Incrementally, we'll make improvements to:
1. Ignore headers and other text which we don't want read to us in the audiobook
1. Convert the entire PDF to an audiobook
1. Properly format the text file so that paragraphs aren't broken by newlines
1. Provide indication of progress being made in the audiobook conversion (as this can take a while)

Let's get started!

## Version 01

In [None]:
# Activate the pdf_audiobook environment using mamba
#! mamba activate pdf_audiobook

# Change to the pdf_audiobook directory
#! cd ~/projects/pdf_audiobook

# Install the modules using mamba and pip
#! mamba install -c conda-forge pypdf2
#! ~/mambaforge/envs/pdf_audiobook/bin/pip install edge-tts

In [None]:
# Extracts text from PDF files and converts it to an audiobook
# Uses PyPDF2 and edge-tts

# Import modules
import PyPDF2
import edge_tts

# Define some constants
PDF_FILE = "Plato - Apology.pdf"
AUDIO_FILE = "Plato - Apology.mp3"
TEXT_FILE = 'extracted_text.txt'

In [None]:
'''
A function to extract text from a PDF file and save it as a text file
Takes the following of arguments:
    * PDF file to extract from
    * Start page (defaults to 0)
    * End page (defaults to -1, which means the last page)
'''
def extract_text_from_pdf(pdf_file, start_page=0, end_page=-1):
    # Open PDF file
    pdf_file = open(pdf_file, "rb")

    # Create a PDF reader object
    pdf_reader = PyPDF2.PdfFileReader(pdf_file)
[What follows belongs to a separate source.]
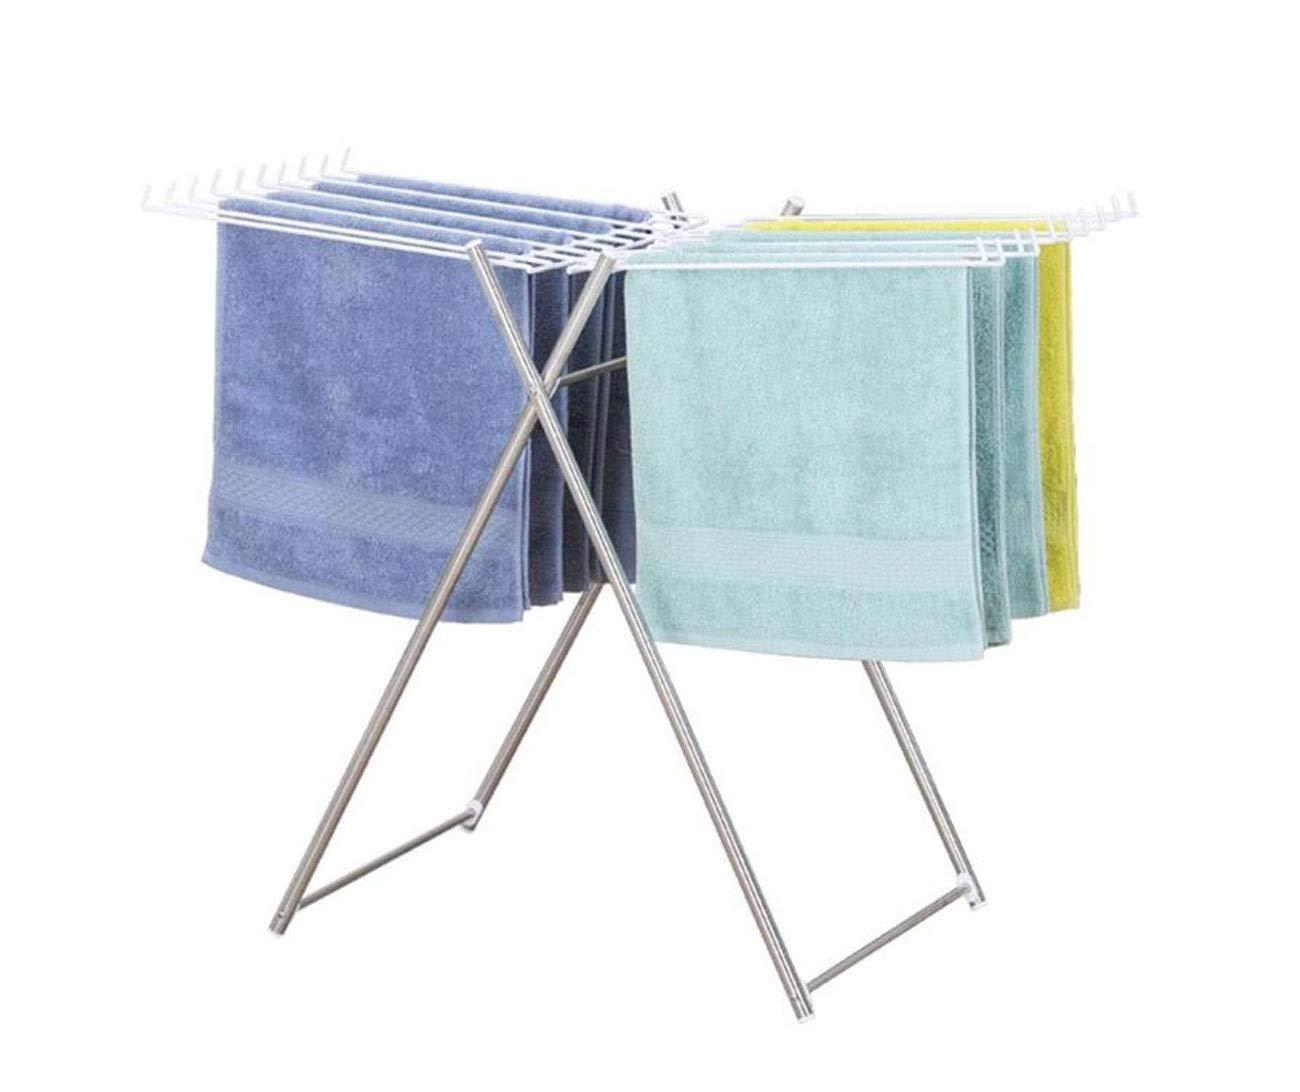 折りたたみ乾燥ラック、ミニ乾燥タオル掛けフロアタイプ家庭用折りたたみ室内乾燥ラック B07S671NZ1

    # Get the number of pages in the PDF file
    num_pages = pdf_reader.numPages

    # Create a text file to save the text to
    text_file = open(TEXT_FILE, "w")

    # If the end page is -1, set it to the last page
    if end_page == -1:
        end_page = num_pages

    # Loop through all the pages
    for page_num in range(start_page, end_page):
        # Get the page object
        page_obj = pdf_reader.getPage(page_num)

        # Extract the text from the page
        page_text = page_obj.extractText()

        # Write the text to the text file
        text_file.write(page_text)

    # Close the text file
    text_file.close()

In [None]:
# Call the function to extract text from the PDF file defined above
extract_text_from_pdf(pdf_file=PDF_FILE, start_page=2, end_page=7)

In [None]:
!edge-tts --voice en-AU-NatashaNeural --file '{TEXT_FILE}' --write-media '{AUDIO_FILE}'

-----

## Version 02 -- Refining the pipeline ...
Let's have a go at trying to exclude the header and footer using a "visitor function".

### [Using a visitor](https://pypdf2.readthedocs.io/en/stable/user/extract-text.html#using-a-visitor)
You can use visitor-functions to control which part of a page you want to process and extract. The visitor-functions you provide will get called for each operator or for each text fragment.

The function provided in argument visitor_text of function extract_text has five arguments: current transformation matrix, text matrix, font-dictionary and font-size. In most cases the x and y coordinates of the current position are in index 4 and 5 of the current transformation matrix.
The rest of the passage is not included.